▶ _Exercise directions_: Your response is a verbatim copy of the listing, stripped of its images.

▶ _Supplied material_:
*** Block opens ***

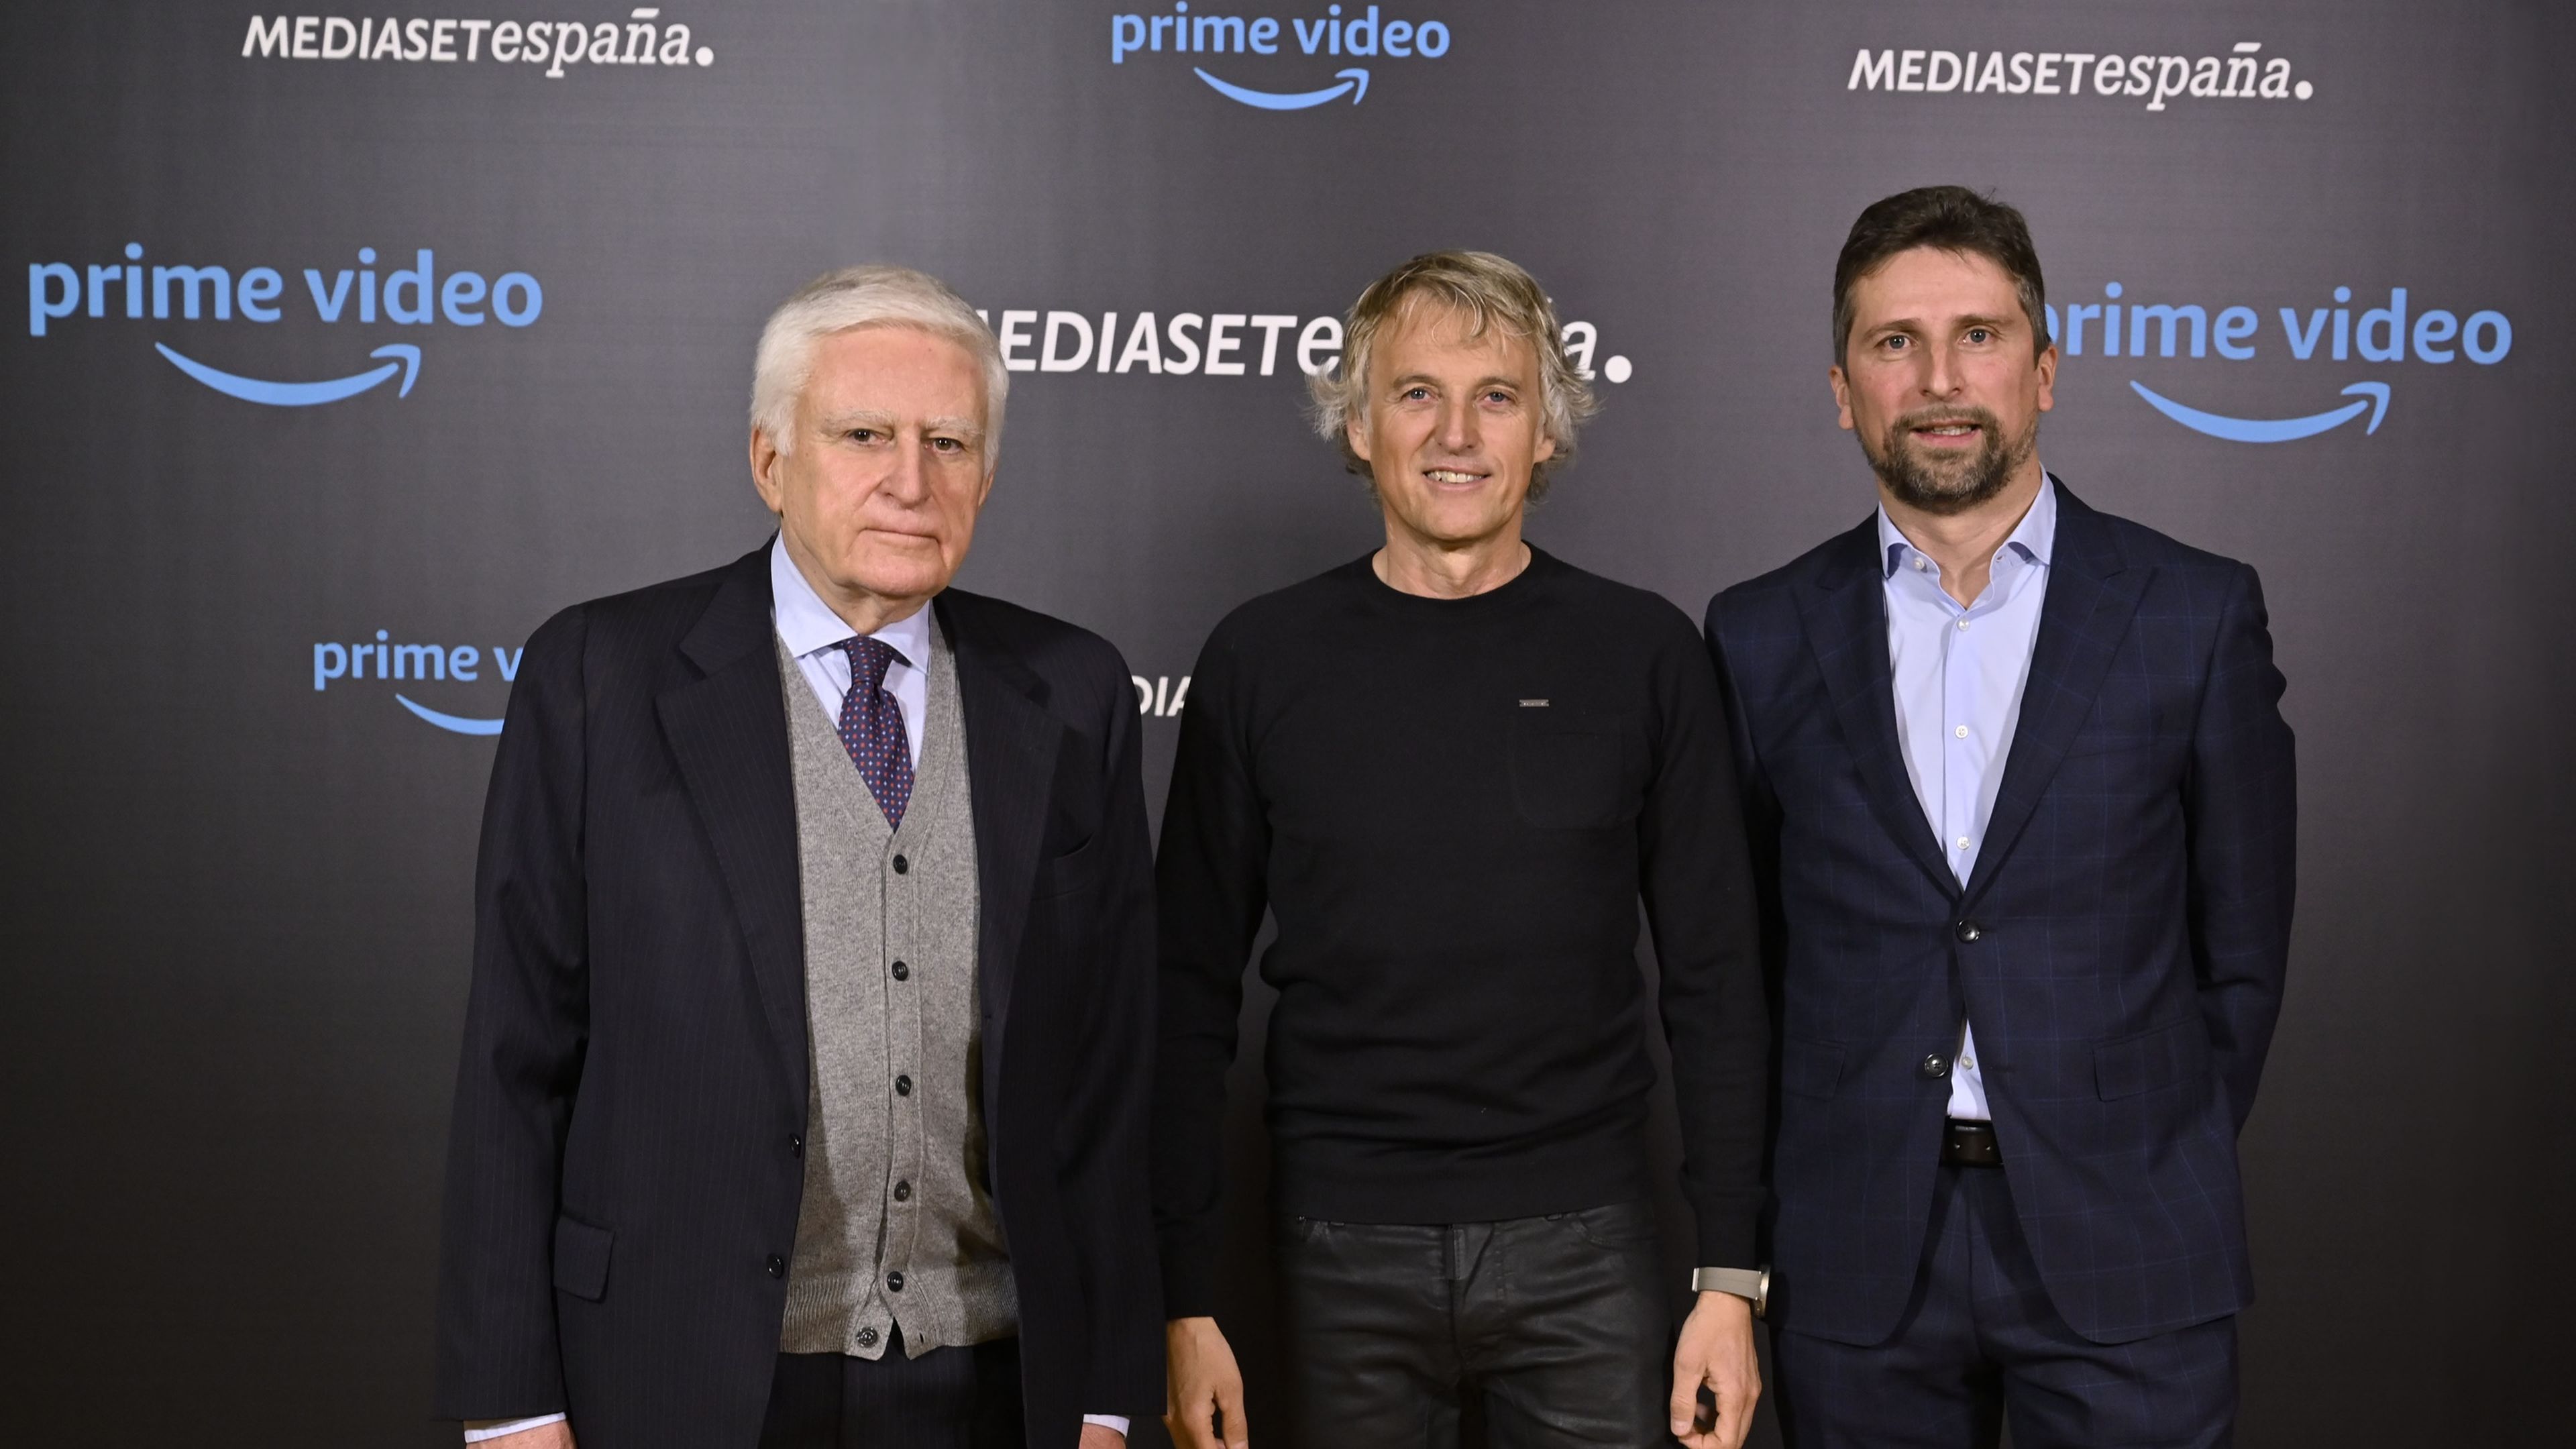 Prime Video y Mediaset llevarán a Jesús Calleja al espacio en su nuevo documental
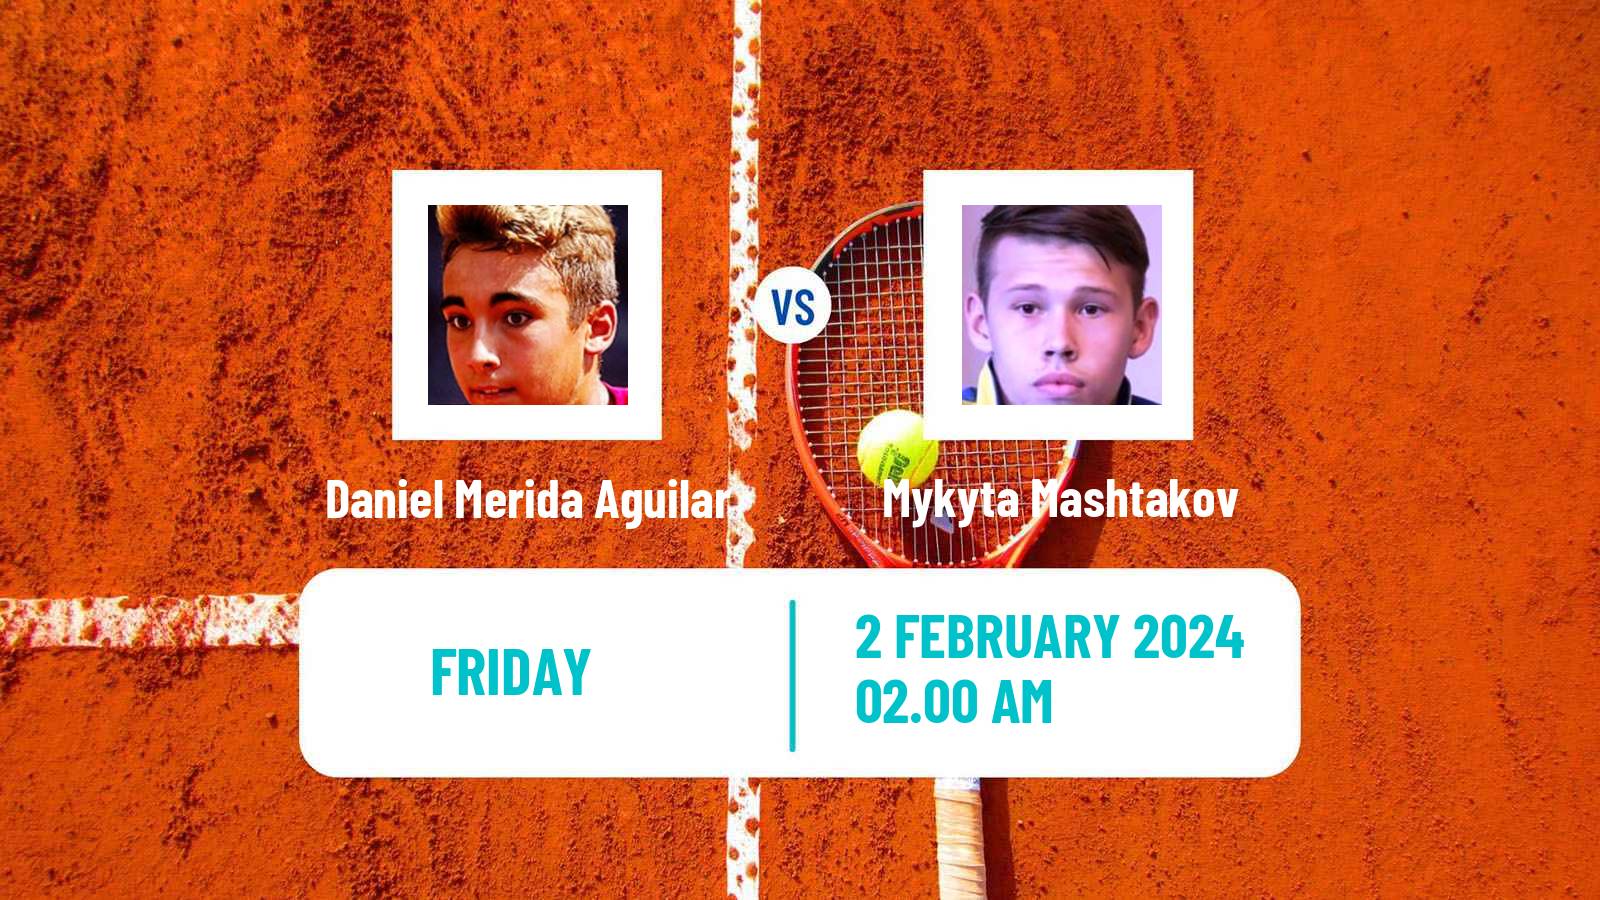 Tennis ITF M25 Antalya Men Daniel Merida Aguilar - Mykyta Mashtakov
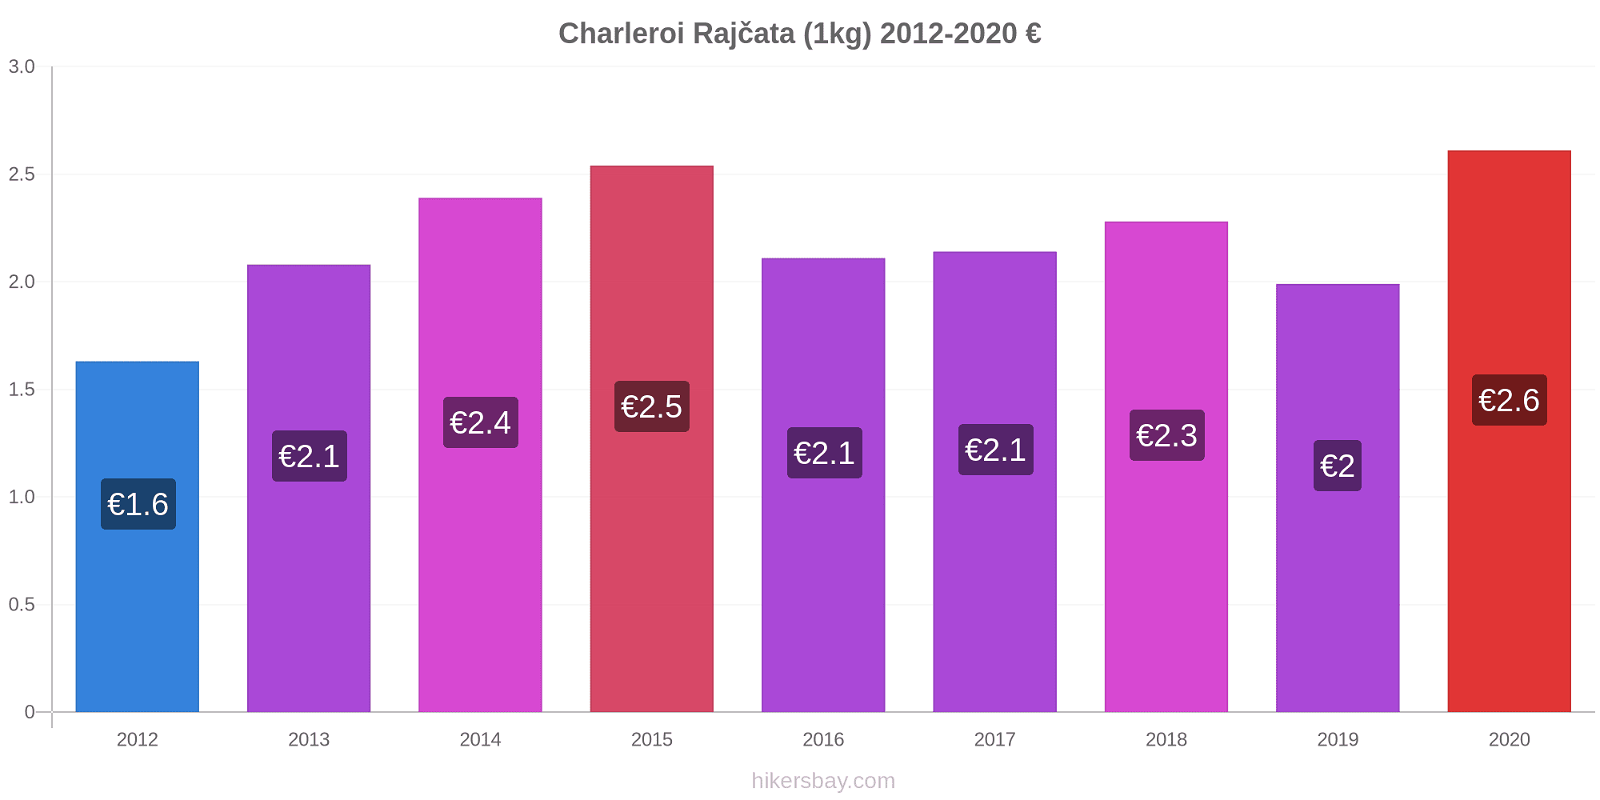 Charleroi změny cen Rajčata (1kg) hikersbay.com

*** Block closes ***

▶ _Finished exercise_:
 Prime Video y Mediaset llevarán a Jesús Calleja al espacio en su nuevo documental
 Tennis ITF M25 Antalya Men Daniel Merida Aguilar - Mykyta Mashtakov
 Charleroi změny cen Rajčata (1kg) hikersbay.com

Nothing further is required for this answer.